To 70 μL of a 143 mM Tris buffer (pH 7.5) containing 2.9 mM phenol and 1.4 mM hematin, 10 μL of each concentration of compound 6 or compound 10 dissolved in a 10% aqueous dimethyl sulfoxide solution was added, and then 2 units. Of COX-1 or COX-2 was added and mixed. This was pre-incubated at 37 ° C. for 2 minutes. Next, 10 μL (0.14 μCi) of radiolabeled [1- ¹⁴ C] arachidonic acid (manufactured by Amersham Pharmacia Biotech) adjusted to a concentration of 25.5 μM with 100 mM Tris buffer was added and mixed. This was reacted at 37 ° C. for 2 minutes and immediately cooled on ice.
The COX activity was calculated with reference to the method of Yanagi and Komatsu (Biochem. Pharmacol., 25, 937-941 (1976)). That is, 0.4 mL of a mixed solution of n-hexane / ethyl acetate (2: 1) was added to the reaction solution, stirred for 30 seconds, and centrifuged to remove an unreacted organic layer containing arachidonic acid. After repeating the same extraction operation twice, 50 μL of ethanol was added to the aqueous layer, followed by stirring for 30 seconds. After centrifugation at 2000 G for 1 minute, 0.1 mL of the aqueous layer was transferred to a vial for a liquid scintillation counter.

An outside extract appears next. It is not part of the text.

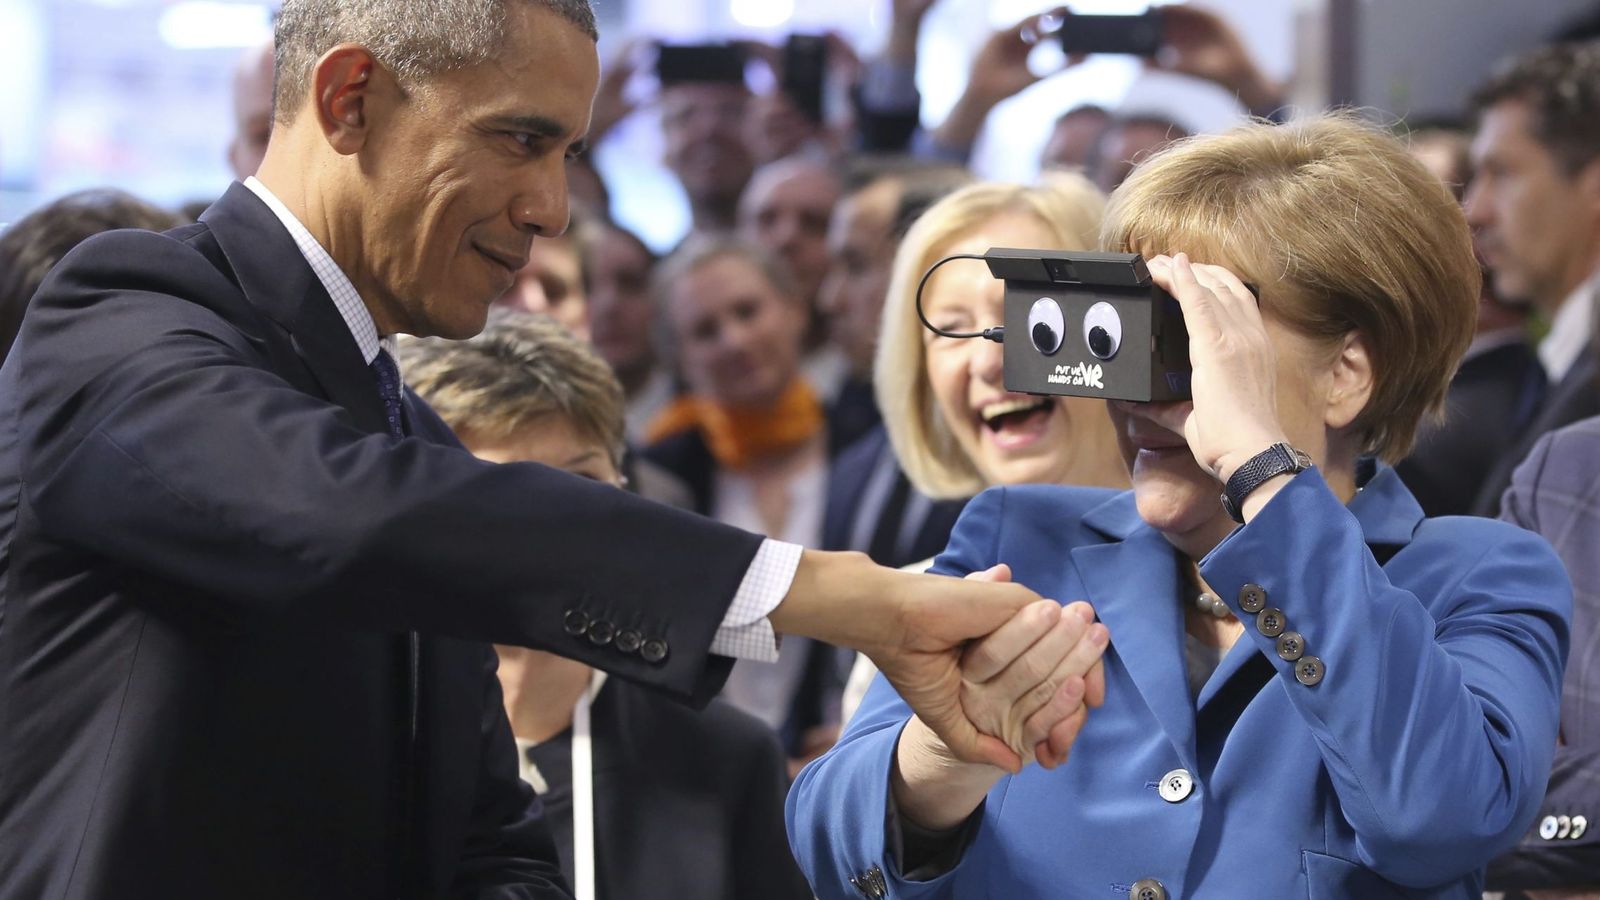 Foto: La canciller Angela Merkel utiliza unas gafas de realidad virtual junto al presidente de Estados Unidos, Barack Obama, en Hannover, el 25 de abril de 2016 (EFE)

To this, 2 mL of Clearsol 1 (manufactured by Nacalai Tesque) as a scintillator was added to obtain a prostaglandin E2 fraction cocktail. Radioactivity was measured with a liquid scintillation counter (LSA-1000, manufactured by ALOKA), and the ratio of radioactivity was calculated to be the conversion rate of prostaglandin E2.
From the relationship between the conversion rate of prostaglandin E2 and the test sample concentration, the concentration (IC ₅₀ ) at which the conversion to prostaglandin E2 was inhibited by 50% was calculated, and the results are shown in Table 2.

  The novel phenolic compound of the present invention has an excellent antioxidant effect and a cyclooxygenase inhibitory effect, and can be used in the fields of foods, pharmaceuticals, quasi-drugs, cosmetics, and the like.

Claims (3)

A compound represented by the following general formula (1).

(1)
(R ¹ in the formula (1) represents an alkyl group having 1 to 18 carbon atoms which may have a branch, and R ² represents a hydrogen atom, an alkyl group having 1 to 4 carbon atoms or a protecting group for a phenolic hydroxyl group. Is shown.)   An antioxidant comprising the compound represented by the general formula (1) according to claim 1.   A cyclooxygenase inhibitor comprising the compound represented by the general formula (1) according to claim 1.